• _What the task requires_
Please retype the listing below exactly as it stands, skipping any pictures.

• _Source material_
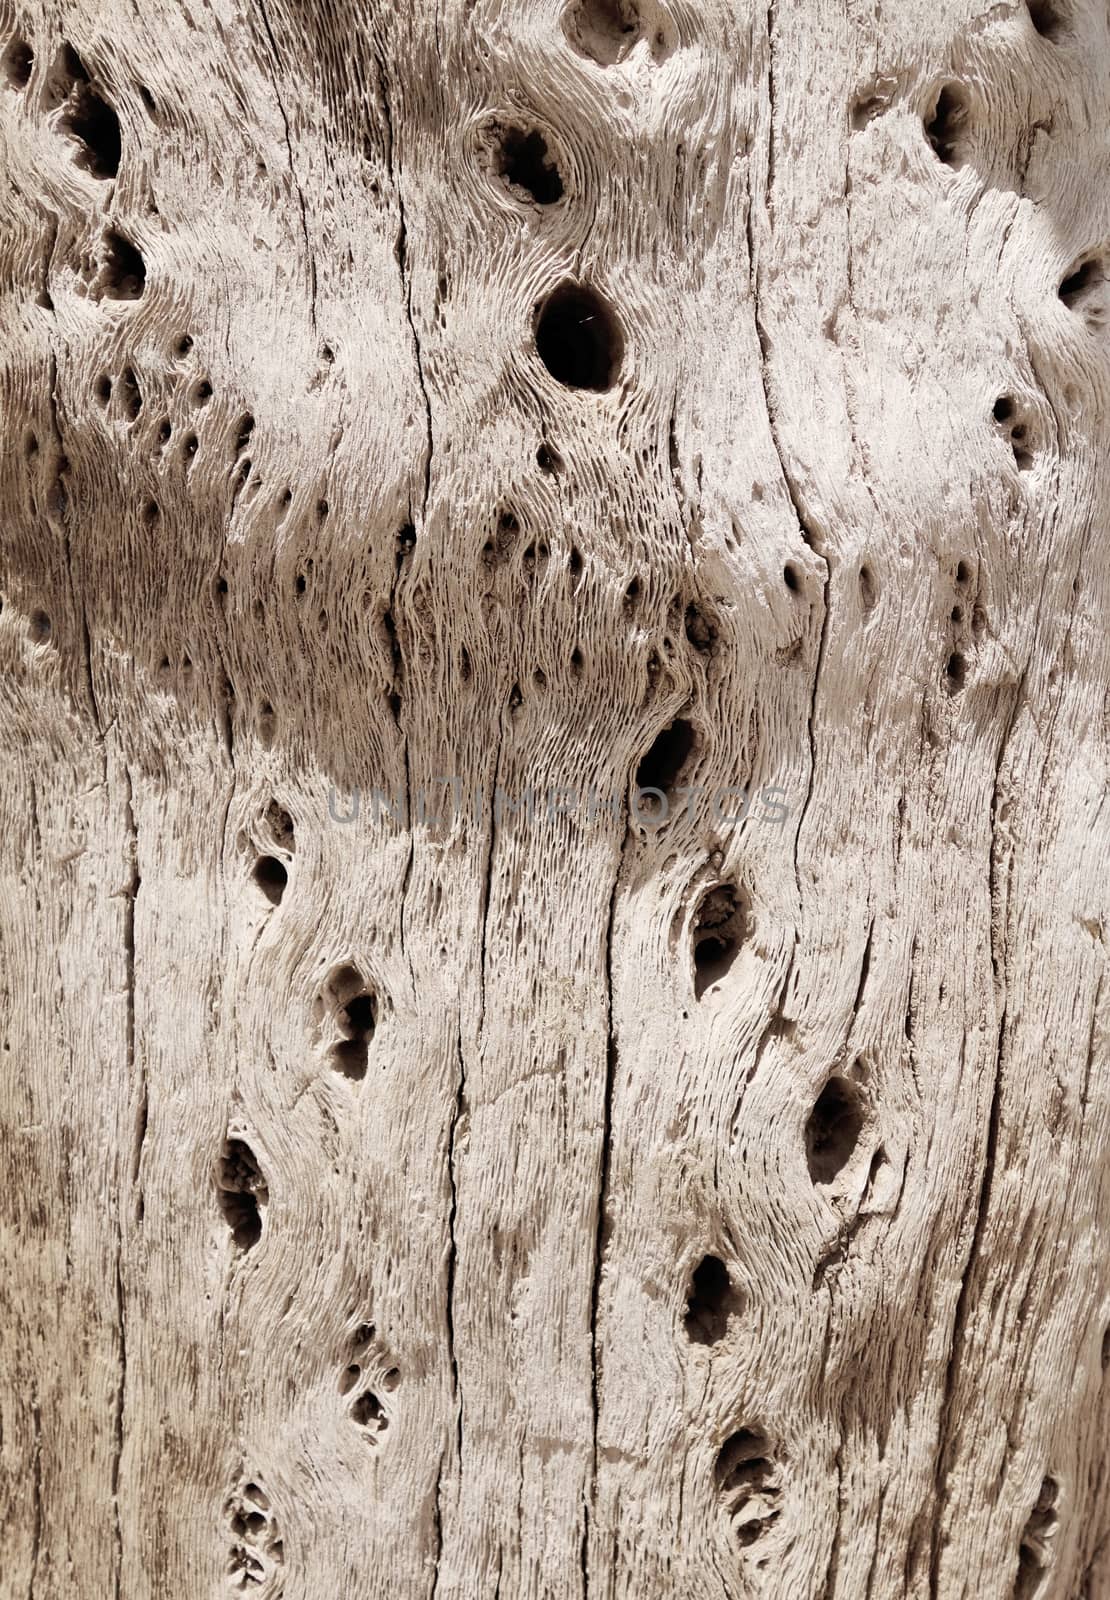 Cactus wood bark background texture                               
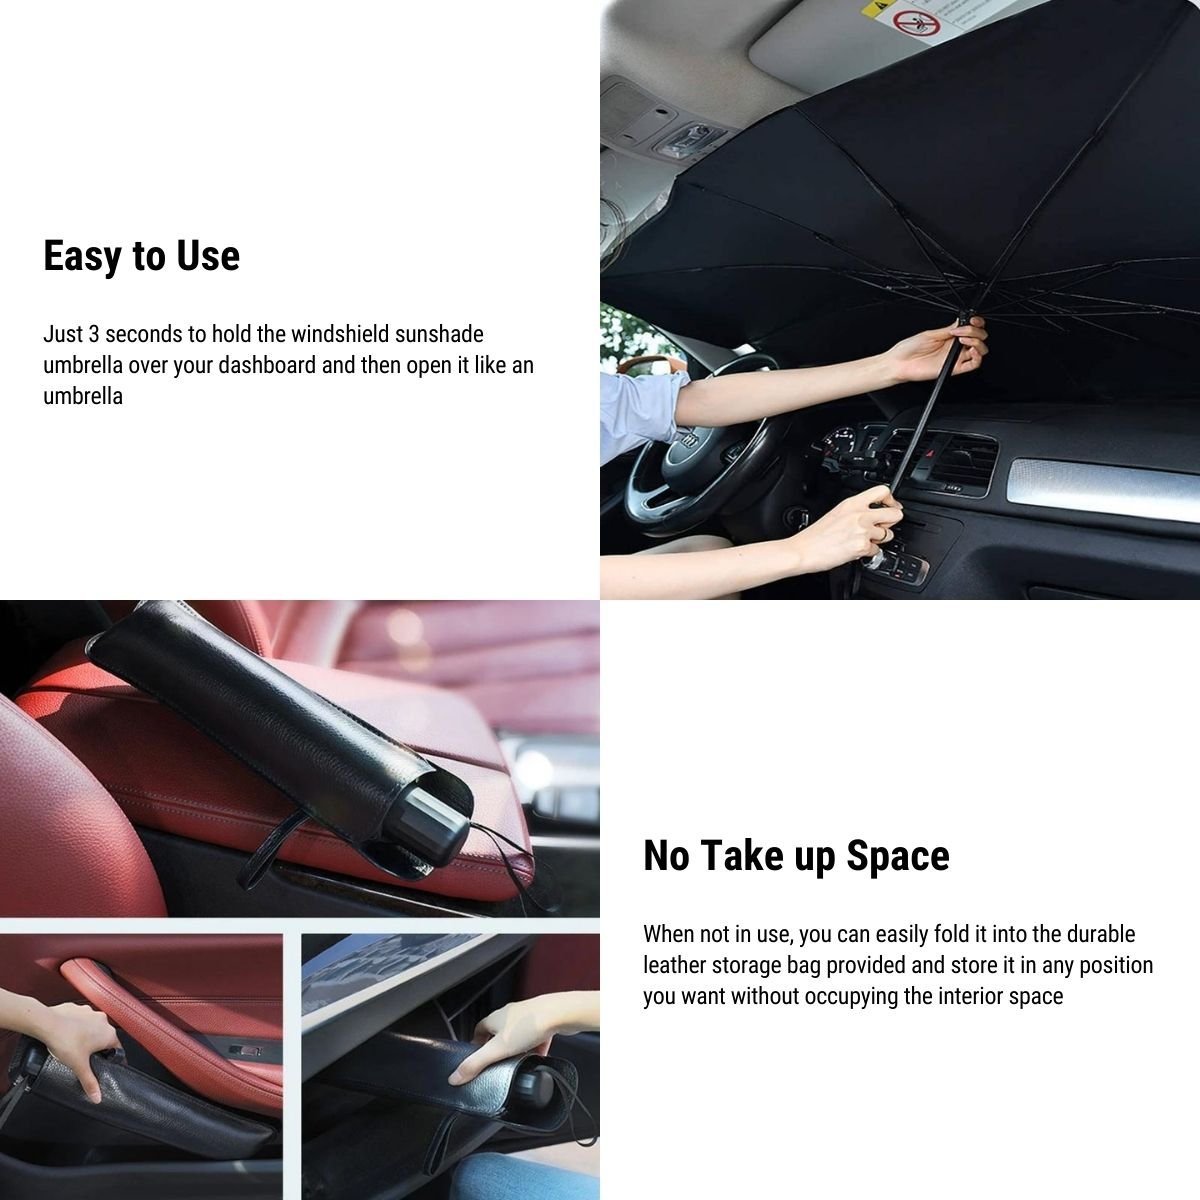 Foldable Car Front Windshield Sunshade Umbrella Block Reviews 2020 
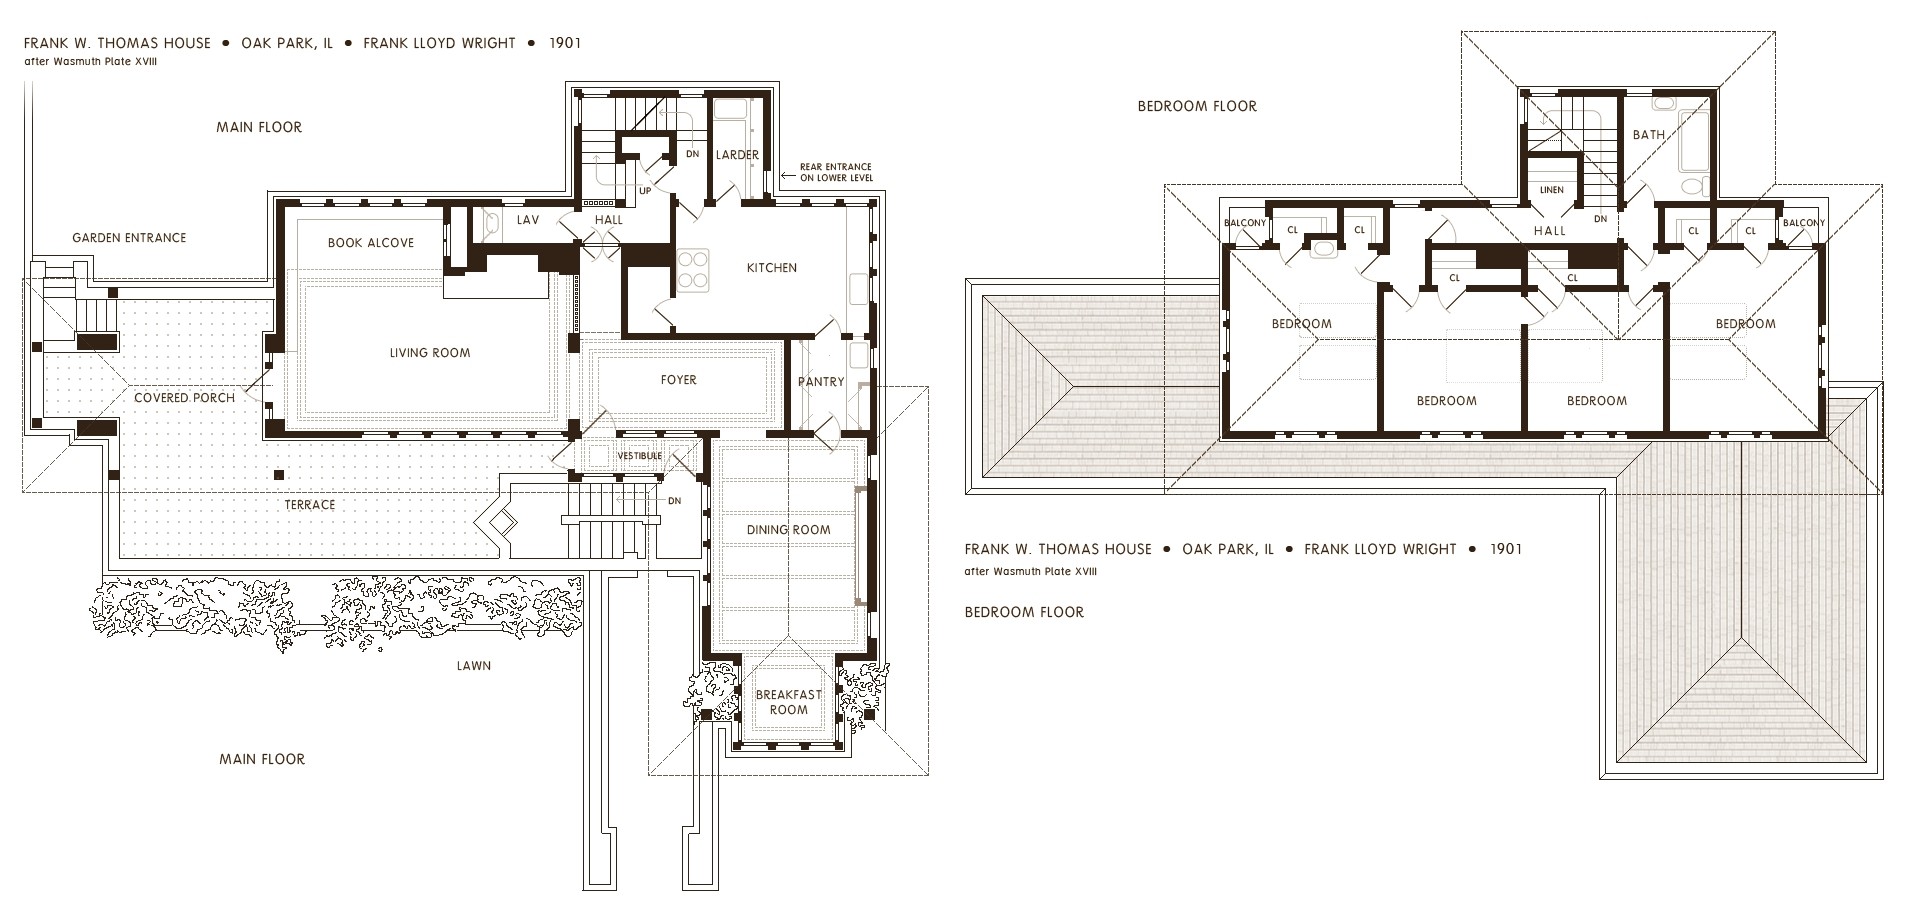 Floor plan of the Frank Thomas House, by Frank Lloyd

• _Answer space_
 Cactus wood bark background texture                               
 Foldable Car Front Windshield Sunshade Umbrella Block Reviews 2020 
 Floor plan of the Frank Thomas House, by Frank Lloyd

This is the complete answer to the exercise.